Attorney General of Florida — Opinion
November 4, 1993
RE: LOCAL GOVERNMENT CODE ENFORCEMENT BOARDS — MUNICIPALITIES — LIS PENDENS — recording of notice of lis pendens bars foreclosure of code enforcement lien recorded after recording of notice of lis pendens. s. 48.23, F.S.
Recording of notice of lis pendens
Robert A. Butterworth Attorney General
Mr. Herbert Elliott City Attorney City of Tarpon Springs Post Office Box 1575 Tarpon Springs, Florida 34286-1575
Dear Mr. Elliott:
You ask substantially the following question:
Does notice of lis pendens, recorded pursuant to s. 48.23, F.S., prior to a code enforcement board lien recorded pursuant to Ch. 162, F.S., operate to bar the foreclosure of the code enforcement lien where the proceeding for which notice of lis pendens was recorded has been prosecuted to judicial sale and the property sold to a good faith purchaser?
In sum:
The recording of a notice of lis pendens pursuant to s. 48.23, F.S., bars the foreclosure of a code enforcement lien recorded after the notice of lis pendens where the proceeding for which notice of lis pendens was recorded has been prosecuted to judicial sale and the property sold to a good faith purchaser.
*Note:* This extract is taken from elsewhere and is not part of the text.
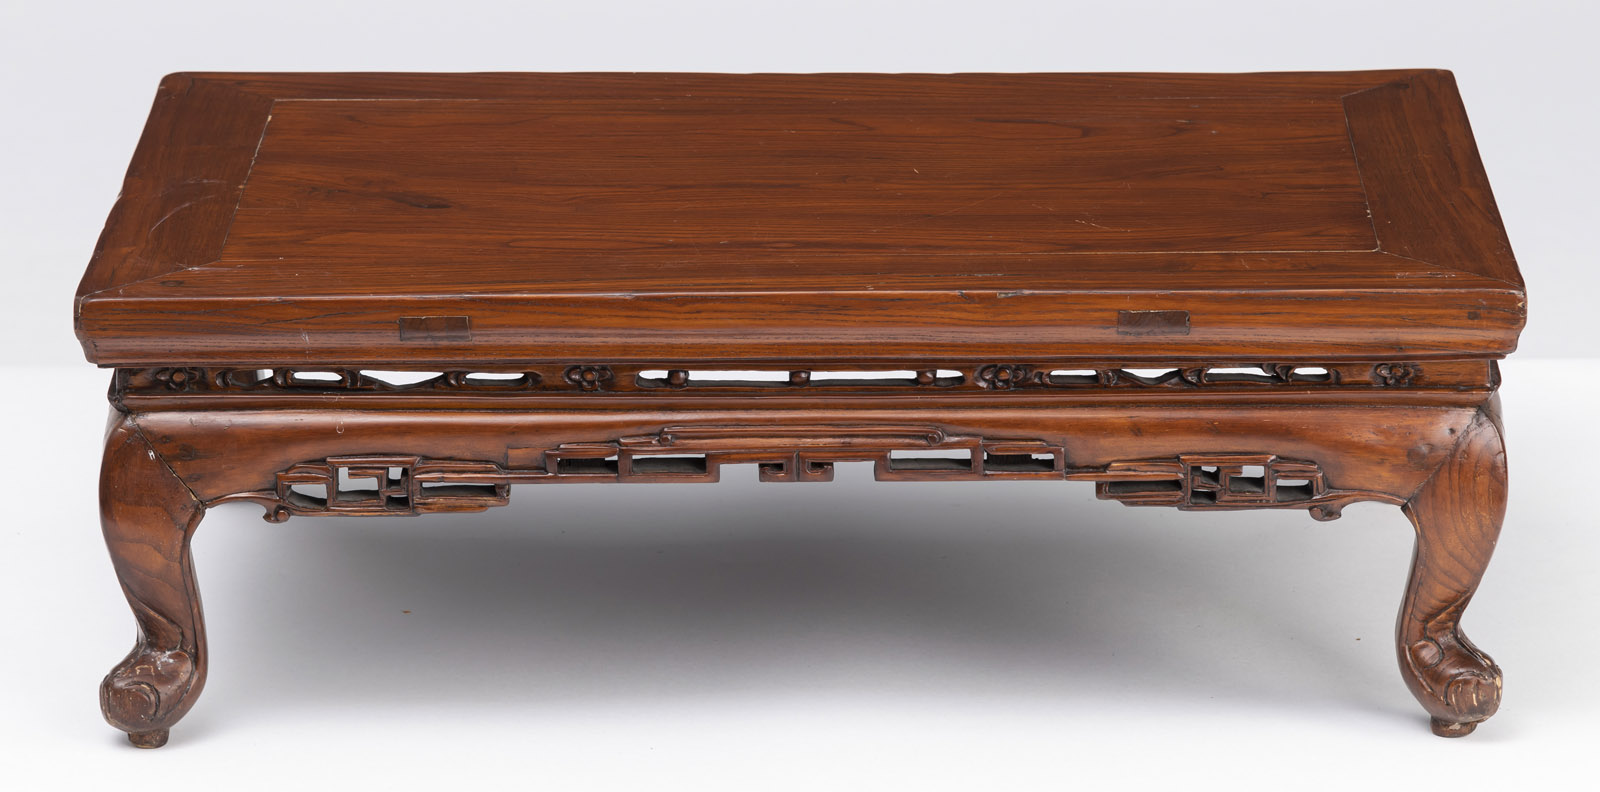 A WOODEN KANG TABLE WITH CURVED LEGS AND PARTLY IN OPENWORK CARVED APRONS - Image 4 of 5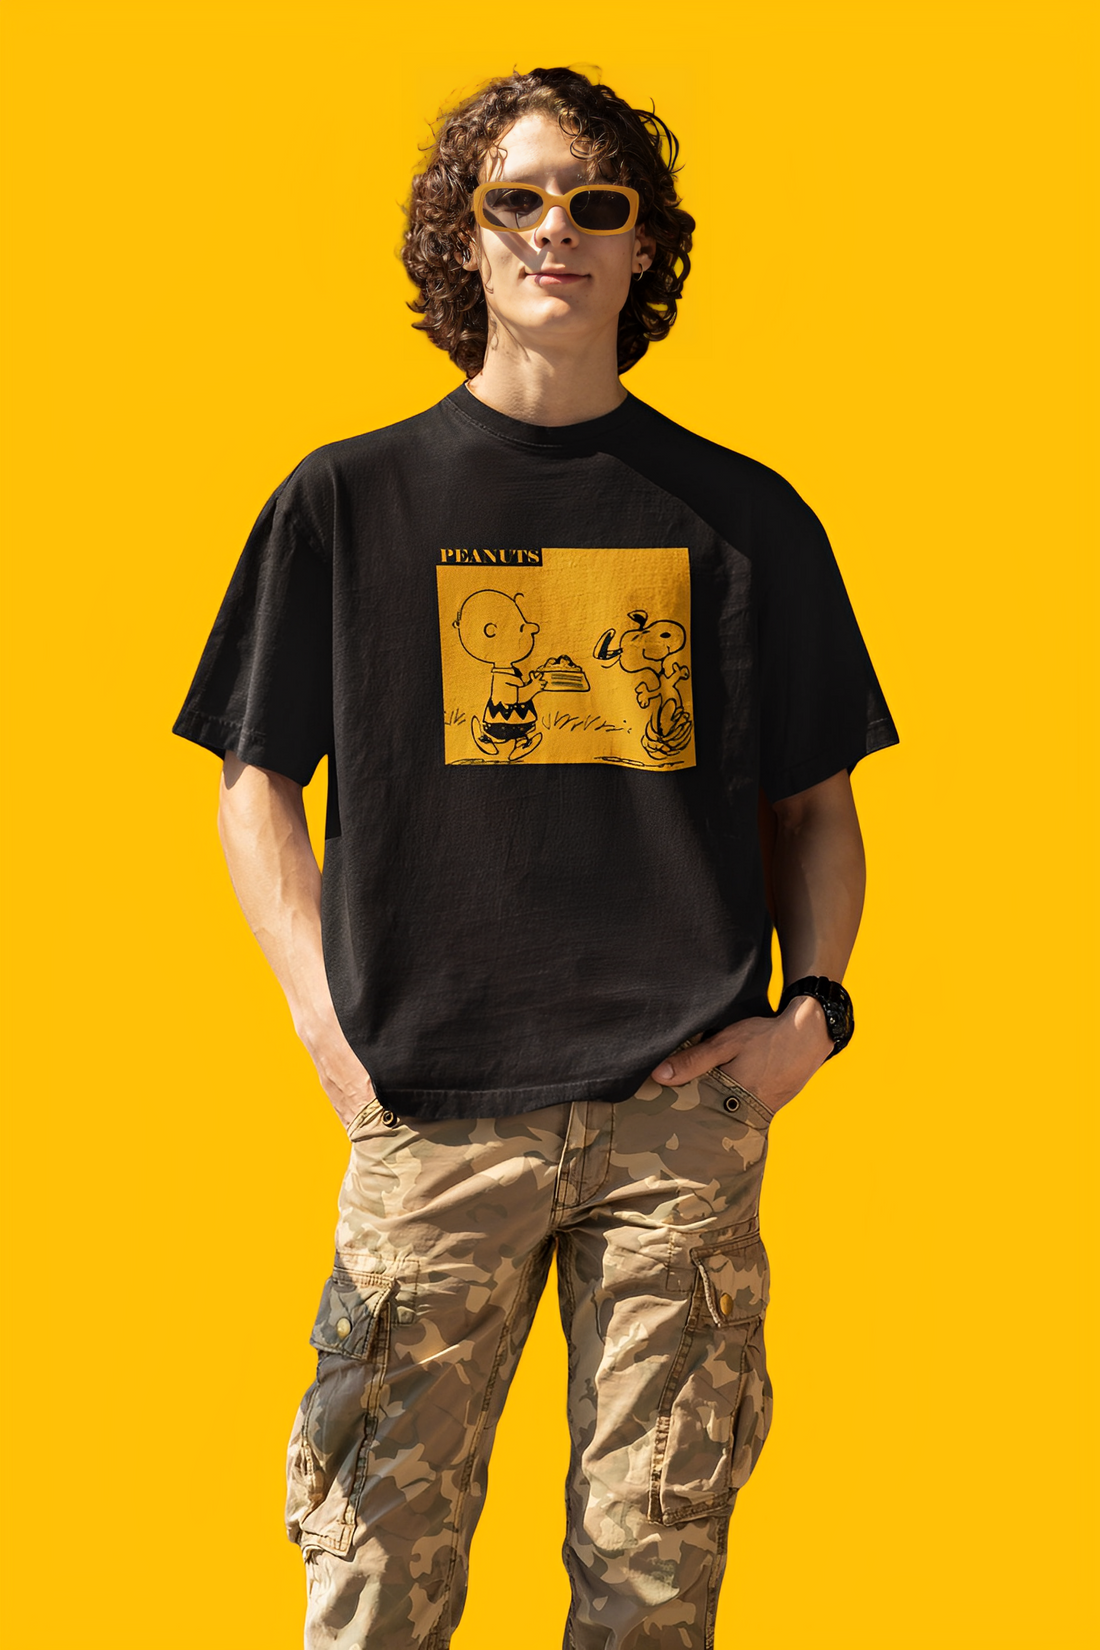 Get Nutty with Peanuts! Black Cotton Oversized Tee by Bwolves

Chapter 162, F.S., the Local Government Code Enforcement Boards Act, seeks to provide “an equitable, expeditious, effective, and inexpensive method of enforcing any codes and ordinances in force in counties and municipalities, where a pending or repeated violation continues to exist.”[1] Local governments are authorized to create one or more code enforcement boards which may, among other things, impose administrative fines.[2]
Section 162.09(3), F.S., provides that a certified copy of the order imposing a fine recorded in the public records shall constitute a lien against the land on which the violation exists.
The Act does not provide for the priority of such lien. You note, however, that the Second District Court of Appeal struck down a county ordinance that provided that a code enforcement lien was superior to other existing liens.[3]
The doctrine of “lis pendens” has been generally defined as the jurisdiction, power or control that courts acquire over property that is involved in a suit pending the continuance of the action and until final judgment in such action.[4] The purpose of notice of lis pendens is to warn all persons that title to the property is in litigation and that they are in danger of being bound by an adverse judgment.[5]
Section 48.23(1)(a), F.S., provides that no action in any of the state or federal courts in this state operates as a lis pendens on any real or personal property until a notice of the commencement of the action is recorded in the office of the clerk of circuit court of the county where the property is located. Such notice must contain the names of the parties, the time the action was instituted, the name of the court in which it is pending, a description of the property involved or affected, and a statement of the relief sought as to the property. Section 48.23(1)(b), F.S., provides:
The filing for record of such notice of lis pendens shall constitute a bar to the enforcement against the property described in said notice of lis pendens of all interests, except for interests of persons in possession, or easements in use and liens including but not limited to federal tax liens and levies, unrecorded at the time of filing for record such notice of lis pendens unless the holder of such unrecorded interest or lien shall intervene in such proceedings within 20 days after the filing and recording of said notice of lis pendens. If the holder of any such unrecorded interest or lien does not intervene in the proceedings and if such proceedings are prosecuted to a judicial sale of the property described in said notice of lis pendens, the said property shall be forever discharged from all such unrecorded interests and liens. In the event said notice of lis pendens is discharged by order of the court, the same shall not in any way affect the validity of any unrecorded interest or lien.[6] (e.s.)
Thus, the statute imposes a bar against the enforcement against the property described in the notice of lis pendens of liens unrecorded at the time of the filing of the notice of lis pendens. Moreover, the statute specifically provides that if the proceedings are prosecuted to a judicial sale of the property described in the lis pendens notice, the property is forever discharged from “all such unrecorded interests and liens.” The term “such” has generally been defined as referring back to and identifying something previously described or specified.[7] Thus, the phrase “all such unrecorded interests and liens” would appear to refer to the antecedent description of interests and liens, i.e., those liens that were unrecorded at the time of the filing of the notice of lis pendens.
Your inquiry concerns a code enforcement lien recorded after the filing of the notice of lis pendens. Thus, s. 48.23, F.S., would appear to bar the enforcement of such lien against the property described in the notice of lis pendens unless the city, as holder of the unrecorded lien, intervenes within 20 days after the filing and recording of the notice of lis pendens or the notice of lis pendens is discharged by order of the court.[8] If the proceedings are prosecuted to judicial sale of the property described in the notice of lis pendens, such property would be discharged from liens unrecorded at the time of filing.